- Born: April 15, 1956 (age 70) Winnipeg, Manitoba, Canada
- Education: Gordon Bell High School
- Occupations: Radio personality, voice actor, emcee, club host, narration & voice overs

= Andy Frost (radio personality) =

Canadian radio personality

Andrew J. Frost (born April 15, 1956) is a retired Canadian radio personality most recently employed by 94.3 The Drive in Winnipeg, Manitoba before the station dropped its "classic rock" format in 2021. He is best known for his work with Q107 and AM 640 in Toronto, Ontario from 1985 to 2018 and as the public address announcer for the Toronto Maple Leafs at Air Canada Centre from 1999 to 2016. He replaced long-time PA announcer Paul Morris who retired at the end of the 1998–99 hockey season. Earlier in his radio career, Frost worked at 92 CITI-FM and 58 CKY-AM in Winnipeg.

==Early life and education==

Born and raised in Winnipeg, Frost was heavily influenced by the very strong radio market there, and the sensational local music scene. Late at night, if the signal was clear, he would frequently tune in WLS 890 in Chicago to listen to something different than what was offered in his hometown.

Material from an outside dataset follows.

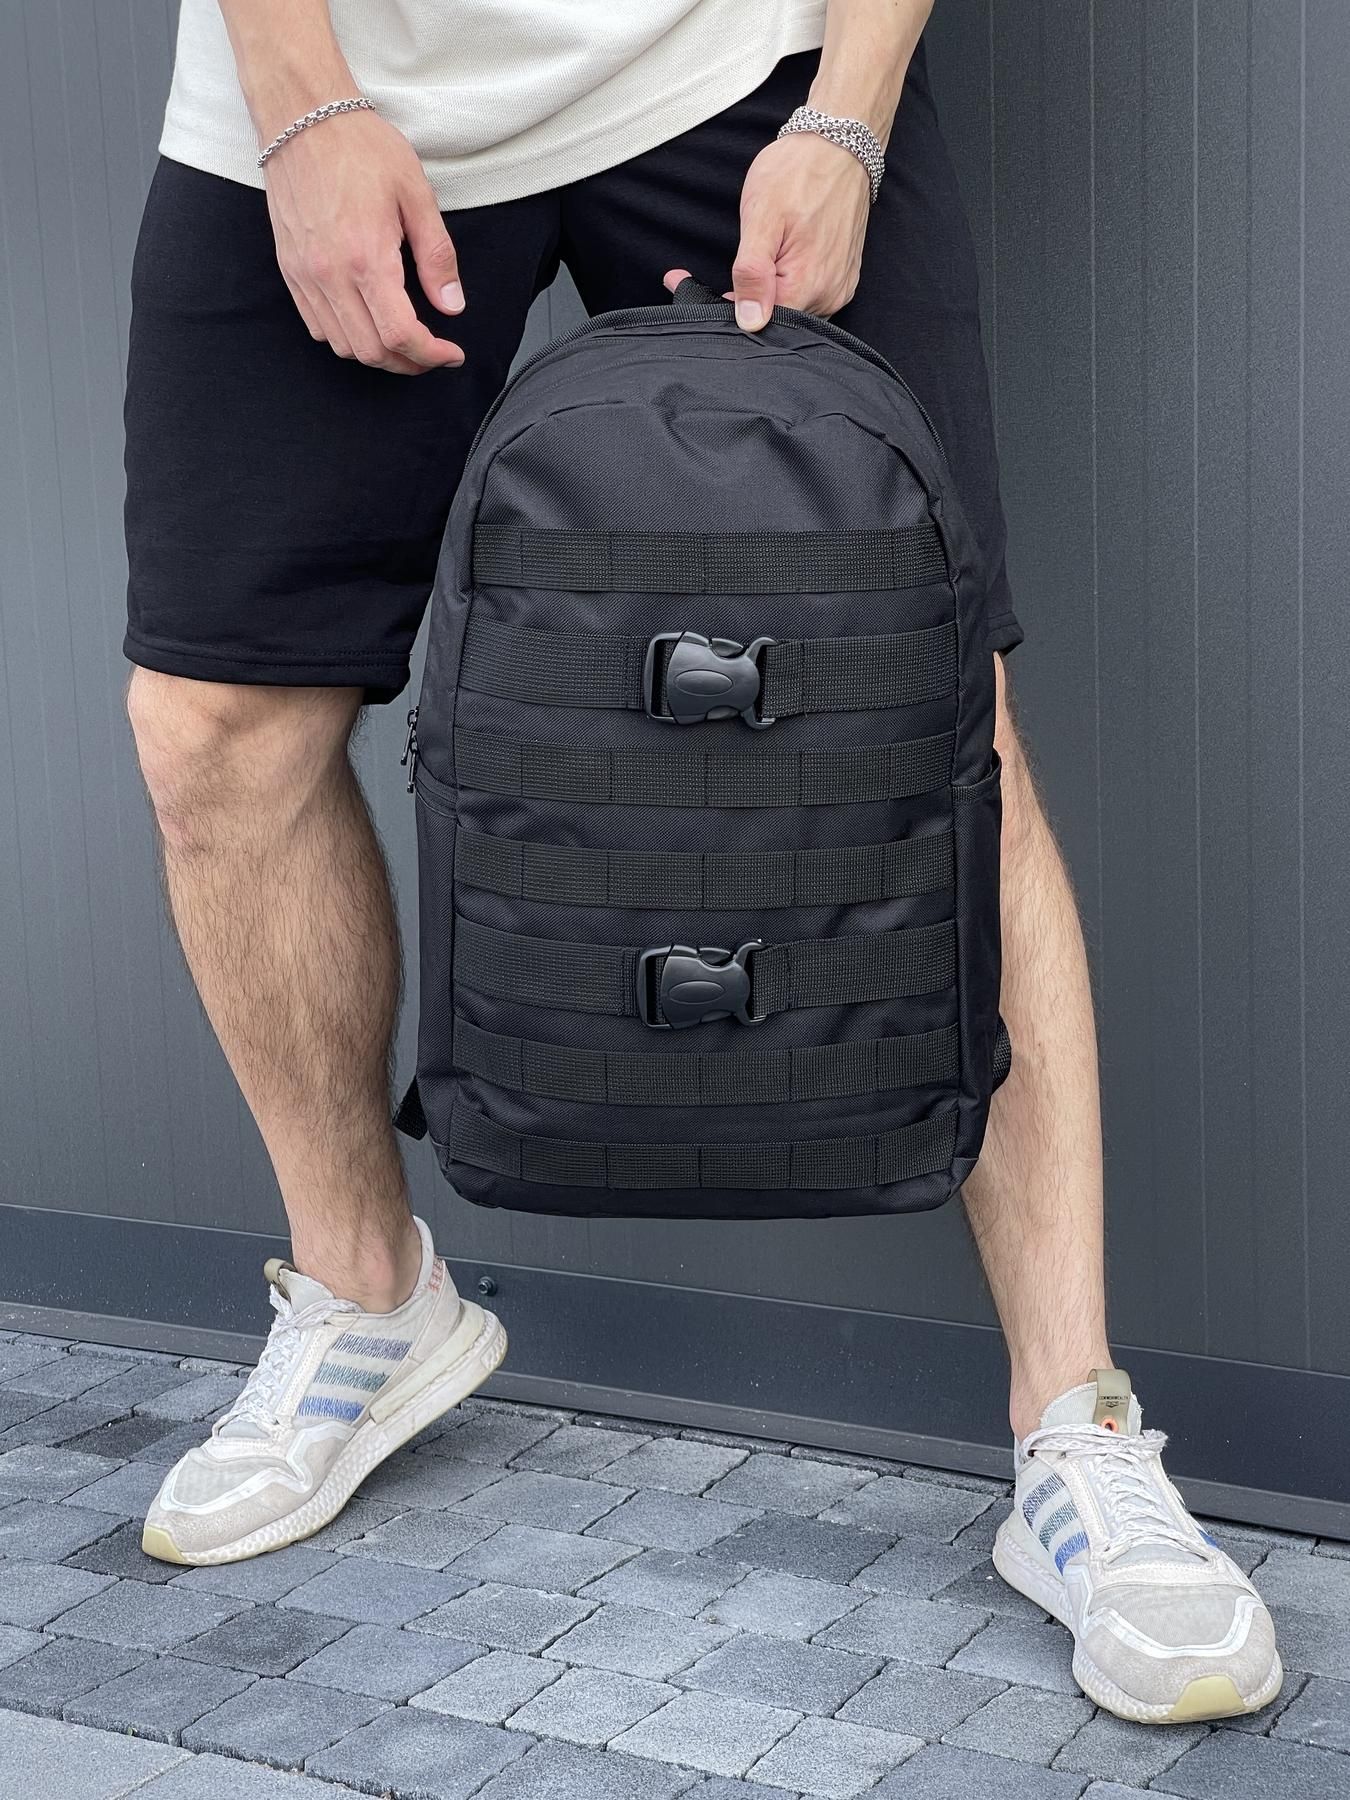 Чёрный мужской портфель на два отделения, рюкзак fazan V2, городской

In his teens, Frost had a variety of jobs, including working with juvenile delinquents and severely intellectually disabled children, selling newspaper subscriptions for the Winnipeg Tribune, and working as a professional waiter and a fashion model.

==Radio career==
Frost's broadcast career started in Winnipeg in the late 1970s. He first worked as a volunteer disc jockey, hosting an on-air music program at the University of Manitoba's college station CJUM-FM 101.5 in 1978. After his initial stint at CJUM-FM 101.5, in the fall of 1979, Frost was offered a position at 92 CITI-FM, where he had the benefit of working with a staff that included "Brother" Jake Edwards, Terry Dimonte, Howard Mandshein, Steve Young, Gary "Magic" Christian and others. Frost was named music director of CITI-FM shortly thereafter. During his tenure at CITI-FM, he also worked as the radio commentator for the Winnipeg Jets for CITI-FM's sister station 58 CKY-AM. He moved to Toronto in the fall of 1985 when he was offered the position of music director at Q107 Toronto, along with hosting a new show called Psychedelic Psunday. As a part of corporate restructuring, Frost was let go in May 2018 after being with Q107 for a total of 33 years. In 2019, Frost returned to the Winnipeg working the evening shift at 94.3 The Drive (CHIQ-FM)

==Hockey broadcasting==
As the color commentator for the NHL's Winnipeg Jets for 3 seasons (1982-1985), Frost returned to work on radio covering NHL Hockey in Toronto. Toronto is one of Canada's largest hockey markets and Frost broke into the competitive market in 1996 as the host of the post-game show "Leaf Talk" on AM 640. Further, Frost became the third public address announcer in the history of the Toronto Maple Leafs franchise, beginning in the 1999-2000 season, when the Toronto Maple Leafs moved to their new venue, Air Canada Centre, until he was not re-signed after the 2015–2016 season. Mike Ross succeeded Frost as the team's public address announcer in the 2016-2017 season.

==Psychedelic Psunday==
"Psychedelic Psunday" aired on Toronto's Q107 every Sunday for 33 years, until the show ended in 2018. The program consisted entirely of music from the psychedelic era, spanning from 1965 to 1975. The program began with Alice Cooper's rendition of "Hello Hooray". The Doors, Led Zeppelin, Neil Young, The Beatles and Pink Floyd were most commonly heard throughout the program.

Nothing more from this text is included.